The church is called to be radical.  To be truly radical is to change the question which is the root of the problem.  We cannot choose one of the two pre-made answers that our society allows us.  We cannot choose to be liberal or conservative and thus define ourselves over/against the other option.  This simply layers division upon division. The past division which caused the injustices toward homosexuals are only shifting to a new power group.  It is now the “tolerant” (meaning those who ascribe to particular “doctrines” and “dogmas) who are increasing in power while the “intolerant” (meaning those who used to have power to define right and wrong but who continue to give validity to views contrary to the “tolerant”) receive increasing ridicule.  The scarlet “A” became the scarlet “H” has now become a scarlet “I”.  As Christians we must stand against the very idea of division among human beings.  We must ask a different question.


How do we create a new community without division?  How do we create a community of service and love which heals those wounded by the divisions of our society?  This is the right question.  This is the question we should always keep before us.  This is the question that will lead us to the right answer.

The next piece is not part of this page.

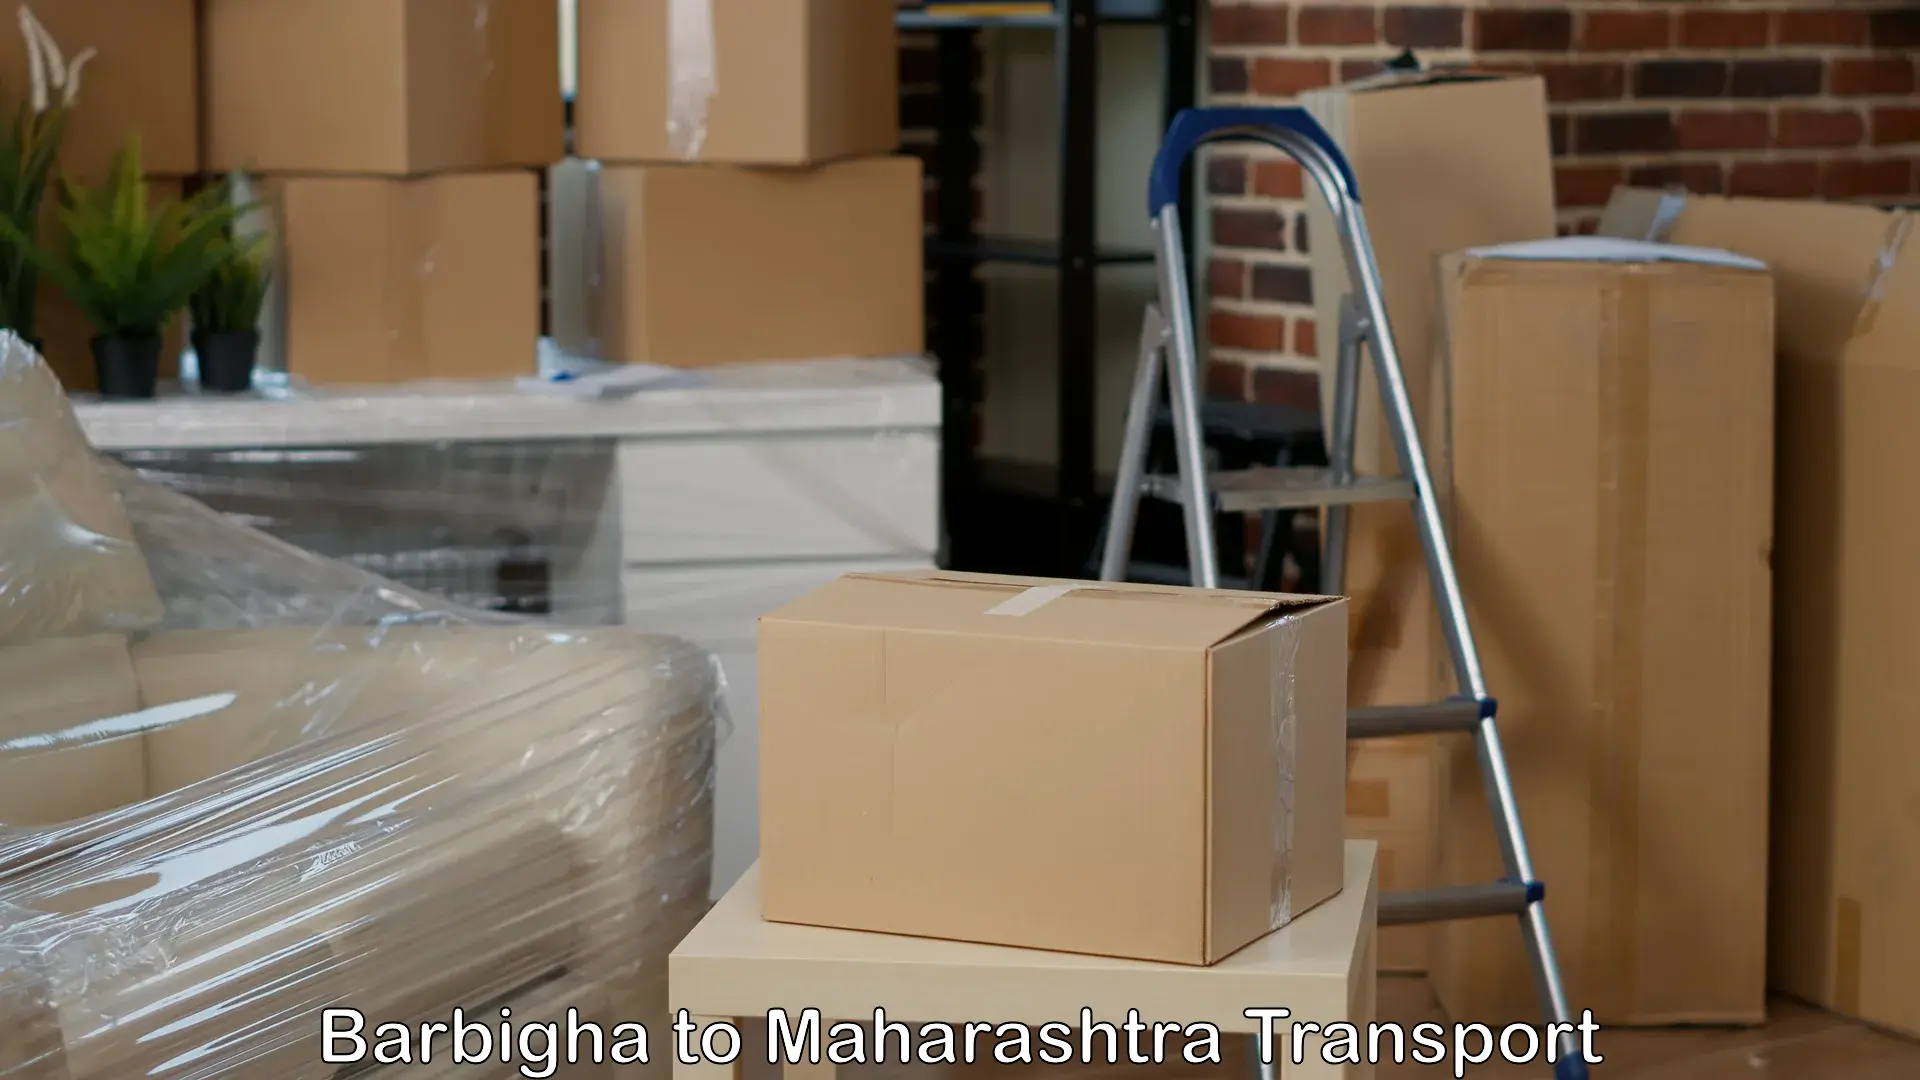 Shipping partner Barbigha to Nandurbar

We exist to create a community of faith who welcomes anyone who truly seeks a relationship with God through Jesus Christ.  This community is committed to radically transforming their identity in such a way that we no longer support the ideological divisions of our culture, speaking instead to the transcendent reality of the new humanity formed in Christ.  As such, the question we are asking is:



“How do we create one new humanity in Christ?”